Id. at 356-57. Given that the facts here are far less favorable to Hayes than those present in Hokanson — it is undisputed that the State here has proven at least four incidents of abuse beyond a reasonable doubt — we apply the same reasoning to conclude that the district court did not err in its jury instruction.
IV.
Finally, Hayes argues that his right to a unanimous verdict was violated when the district court failed to instruct the jury that it must achieve unanimous agreement about which specific acts of domestic abuse were proven beyond a reasonable doubt. We addressed this issue in State v. Crowsbreast, 629 N.W.2d 433 (Minn.2001):
The grouping of past acts of domestic abuse as a preliminary factual element of domestic abuse homicide, which underlies the verdict, is in no way an irrational or unfair definition of domestic abuse homicide, nor are those acts so inherently separate as to present a due process issue as to jury unanimity.... We conclude that jurors are not required to unanimously agree on which acts comprised the past pattern of domestic abuse. “[D]ifferent jurors may be persuaded by different pieces of evidence, even when they agree upon the bottom line.”
Id. at 439 (quoting Schad v. Arizona, 501 U.S. 624, 631-32, 111 S.Ct. 2491, 115 L.Ed.2d 555 (1991)) (second omission in original).
Hayes has put forward no argument to support overturning Crowsbreast, and we decline to do so. We therefore conclude that his argument on this issue lacks merit.
Because the State presented sufficient evidence to support Hayes’s conviction and the district court did not err in its jury instructions, we affirm the judgment of conviction.
Affirmed.
WRIGHT, J., not having been a member of this court at the time of submission, took no part in the consideration or decision of this case.. The frenulum in question is a fold of membrane connecting the lip to the gum.
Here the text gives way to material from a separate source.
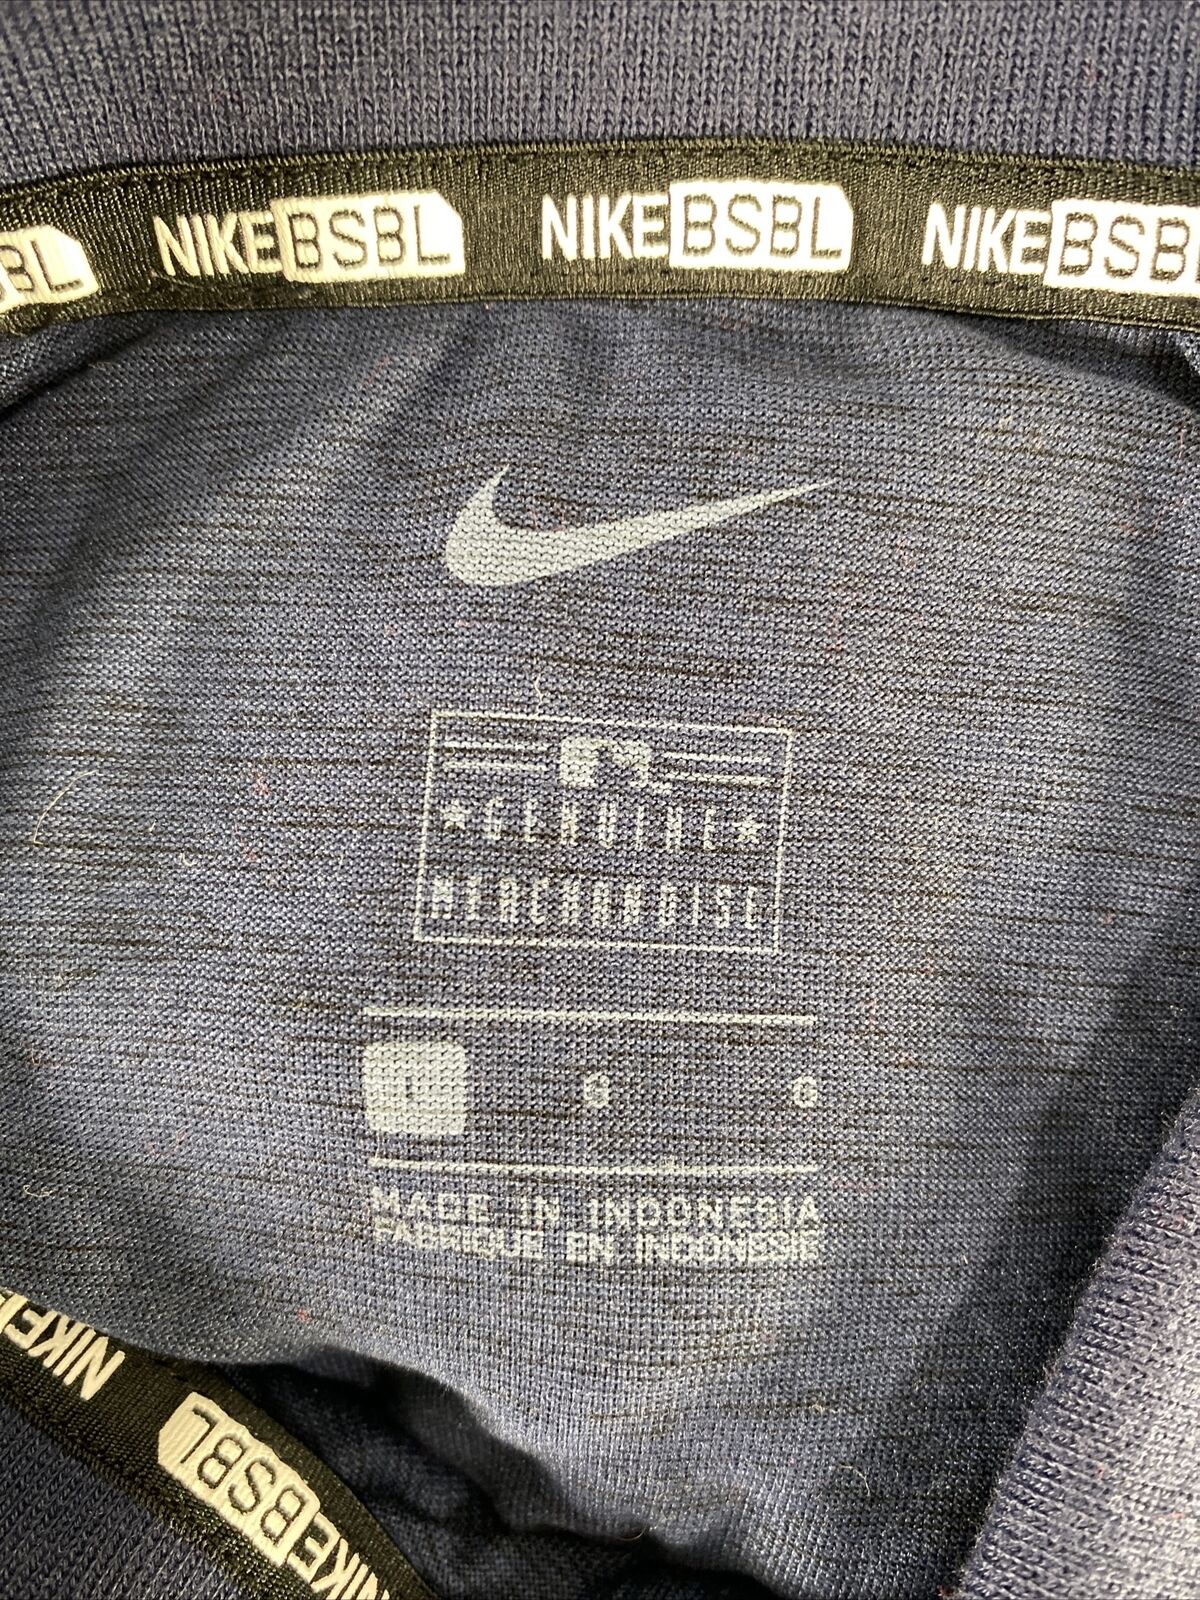 Nike BSBL Men's Blue Genuine Merchandise Detroit Tigers Polo - L

. A hypoxic injury is caused when an area of the body does not receive sufficient oxygen.
. Relying on M.H.’s testimony, Hayes asserts an additional argument. Specifically, Hayes argues the State failed to present sufficient evidence to support his conviction .because the State’s theory of the case (intentional injury) was supported by solely circumstantial evidence, while his theory of the case (accidental injury) was supported by direct evidence — M.H.’s testimony that she saw him trip while carrying Robert. This argument is unpersuasive. When considering a sufficiency of the evidence claim, we must assume that the jury rejected M.H.'s testimony, in which case there are no facts — found to be true by the jury — to support Hayes’s theory of the case.
. The fact that Hokanson dealt with child abuse rather than domestic abuse is immaterial here. See Johnson, 773 N.W.2d at 86 ("The statutory definitions of first-degree child abuse murder and first-degree domestic abuse murder are nearly identical.... Because of the similarity in wording between the child abuse and domestic abuse provisions, we interpret the provisions similarly.”).